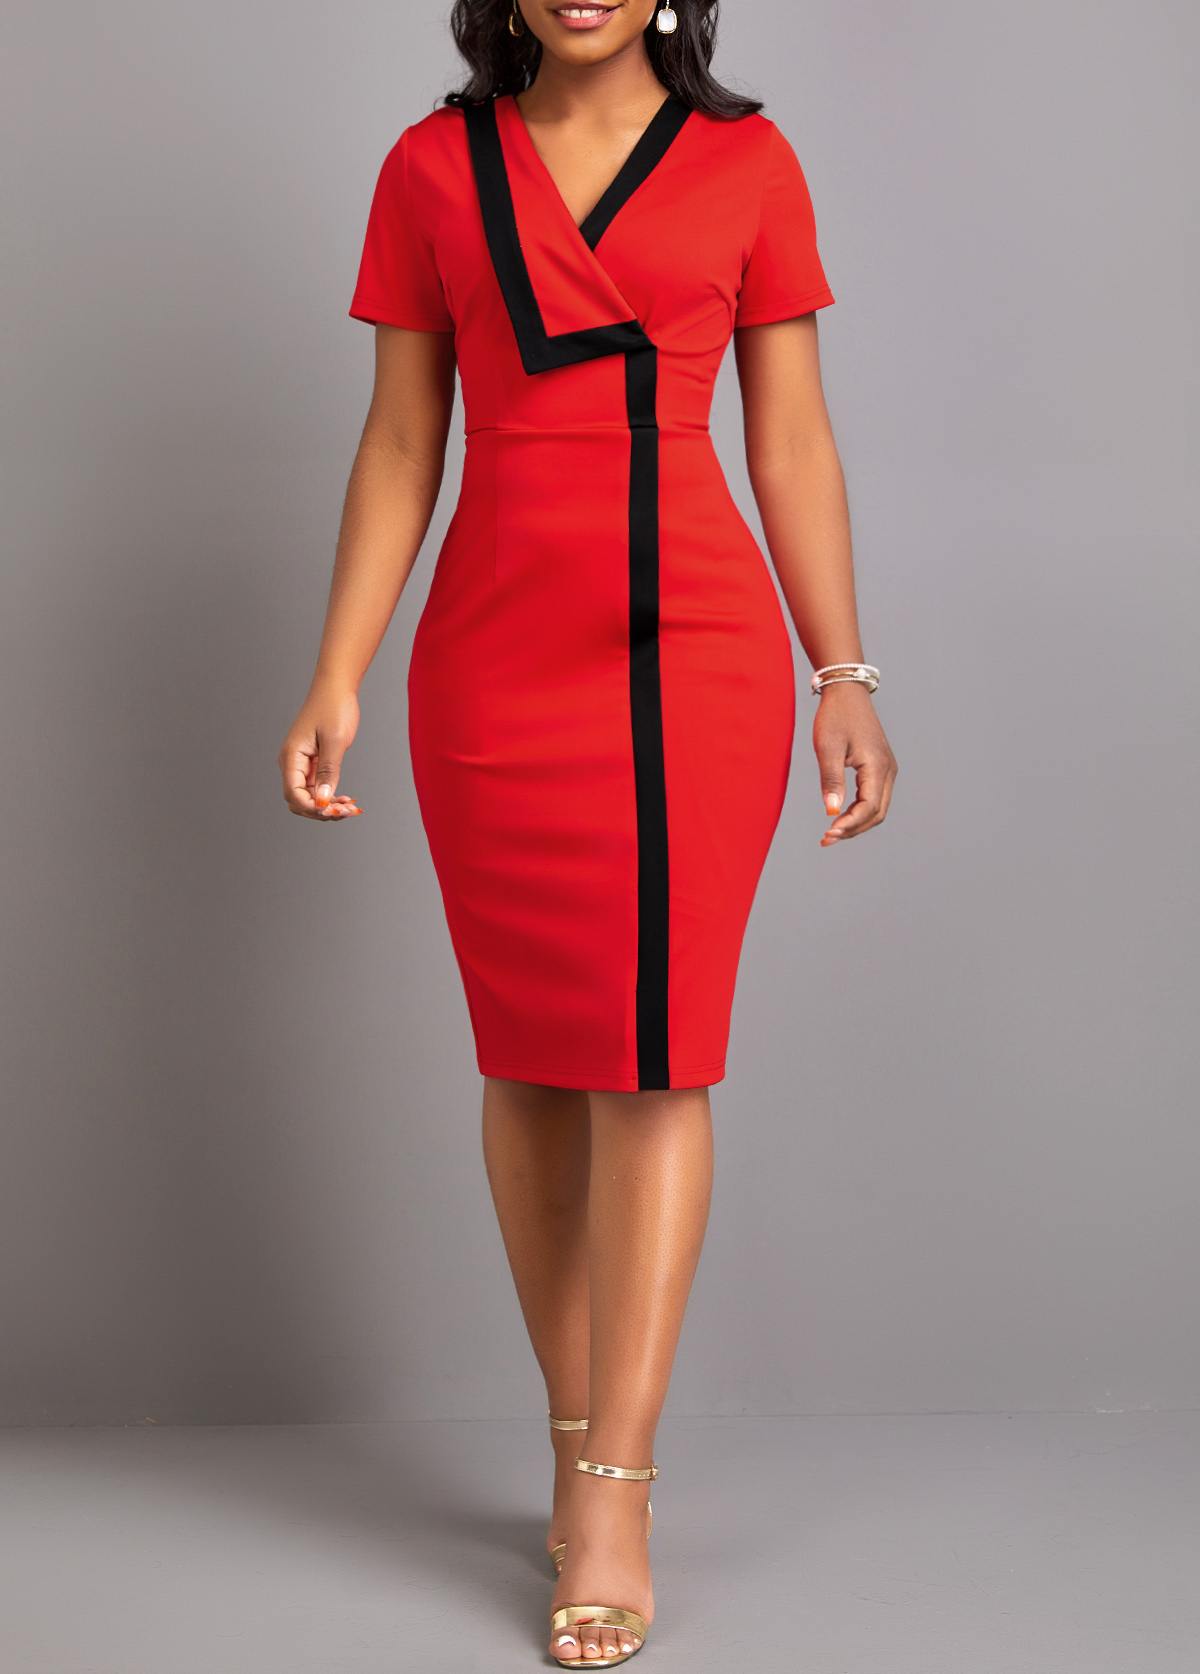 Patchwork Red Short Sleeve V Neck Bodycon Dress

# # # # # # #

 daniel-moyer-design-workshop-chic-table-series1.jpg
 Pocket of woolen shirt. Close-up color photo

# # # # # # #

Retype only the lines above between the line with "daniel-moyer-design-workshop-chic-table-series1.jpg" and the line with "Pocket of woolen shirt. Close-up color photo", counting those two lines as well, and keep every character as it is.

▸ **RESPONSE AREA**:
 daniel-moyer-design-workshop-chic-table-series1.jpg
 Pocket of woolen shirt. Close-up color photo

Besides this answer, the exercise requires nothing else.